The CRG was created in March to serve as a parent corporation for the formerly separate Fulton County Economic Development Corp. and the Crossroads Incubator Corp. The EDC and CIC say they are private economic development agencies not subject to state scrutiny. A state watchdog agency has disagreed with this.
The EDC and CIC never accepted political appointments to their boards, even though the county Board of Supervisors had provided $75,000 to the EDC for years.
Following revelations in 2010 by The Daily Gazette that Jeff Bray and Peter Sciocchetti, then the executive vice presidents of the EDC and CIC, respectively, awarded themselves about $1 million each between 2007-09 under questionable circumstances, the county reduced its EDC contribution to $15,000 in 2011. The board raised the amount to $25,000 for 2012; the CRG asked for $75,000 for 2013.
In agreeing to give the CRG $75,000 under a one-year contract starting today, the county obtained the right to appoint three supervisors to the nine-member CRG board. The appointed supervisors would serve defined terms with the CRG. Gendron was unclear as to the specific term lengths.
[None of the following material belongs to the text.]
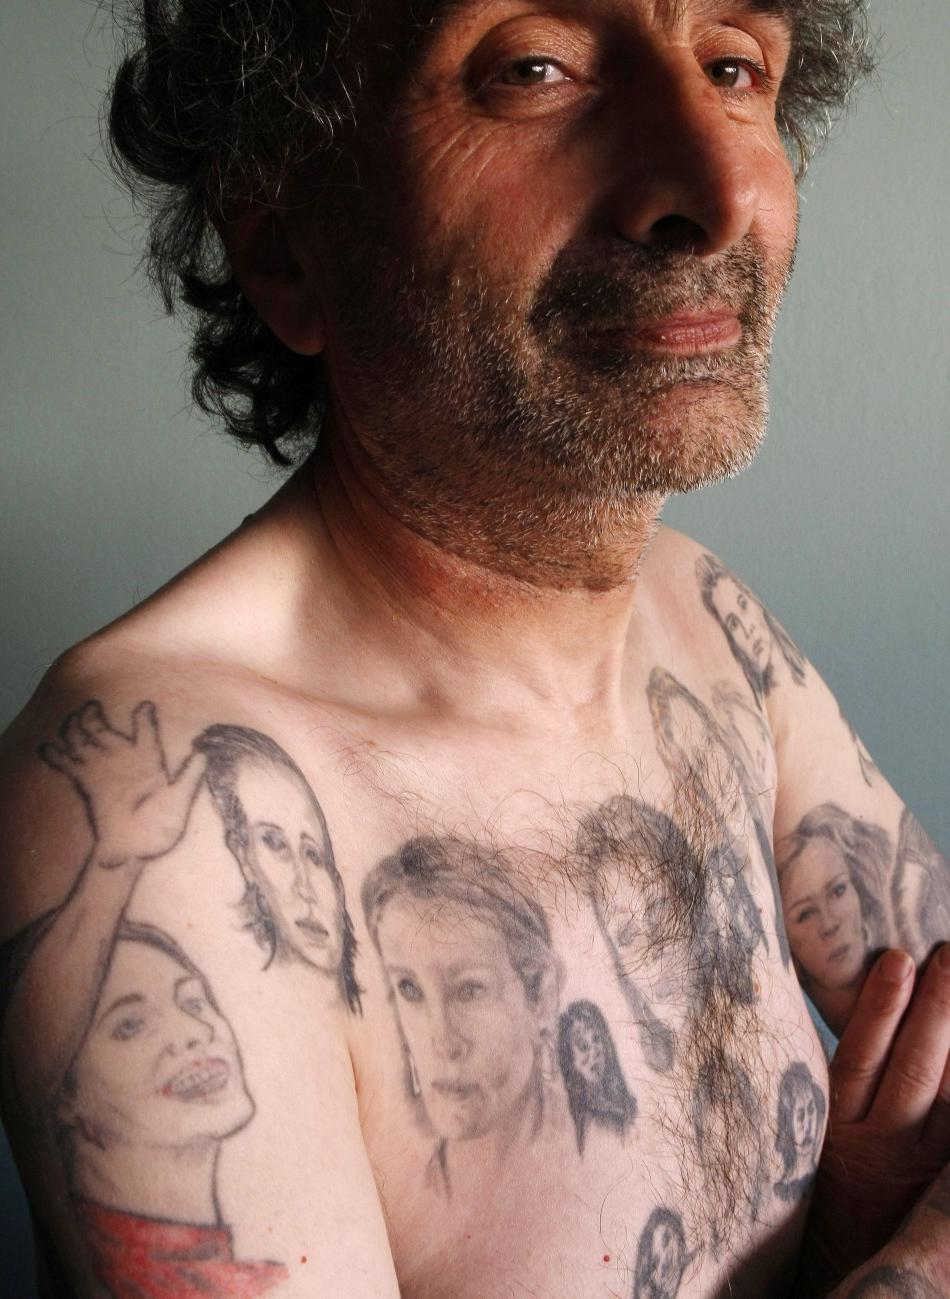 Tattoo Tuesdays: 25 Tattoos Of

Gendron said the supervisor appointments will make the CRG more transparent and more accountable to county taxpayers. “It is an important change that will bring the transparency needed by Fulton County,” he said.
It also gives the supervisors more control over the direction of economic development in Fulton County.
The county is also requiring the CRG to file annual audited statements and an annual report, and requiring that the CRG develop and implement a business development marketing plan for 2013.
Gendron said the appointments will happen relatively soon, perhaps at the county board’s reorganizational meeting Wednesday.
The county’s agreement with CRG will help provide some financial stability to the economic development agency as it attempts to settle legal and financial issues sparked by the two former executives who once headed the EDC and CIC, officials said. The CRG has sued Bray and Sciocchetti to recover the bonuses, as well as a CPA firm that audited the EDC’s and CIC’s books. A State Supreme Court judge recently threw out the CRG’s lawsuit against the accounting firm, saying it contained errors. The CRG plans to refile the lawsuit, officials said.
The EDC has limited operating capital remaining for its staff and the CIC is in debt over mortgage payments related to its large real estate holdings, which it is trying to sell. CRG officials said the loss of rental income and actions by Bray and Sciocchetti are partly responsible for the current financial conditions of EDC and CIC.
CRG and county officials said they plan to dissolve both the EDC and CIC as corporate entities, leaving just the CRG to handle an existing revolving loan fund, develop a marketing plan with goals and objectives, apply for grants for operations, recruit businesses and market shovel-ready sites in existing or future business parks in the county.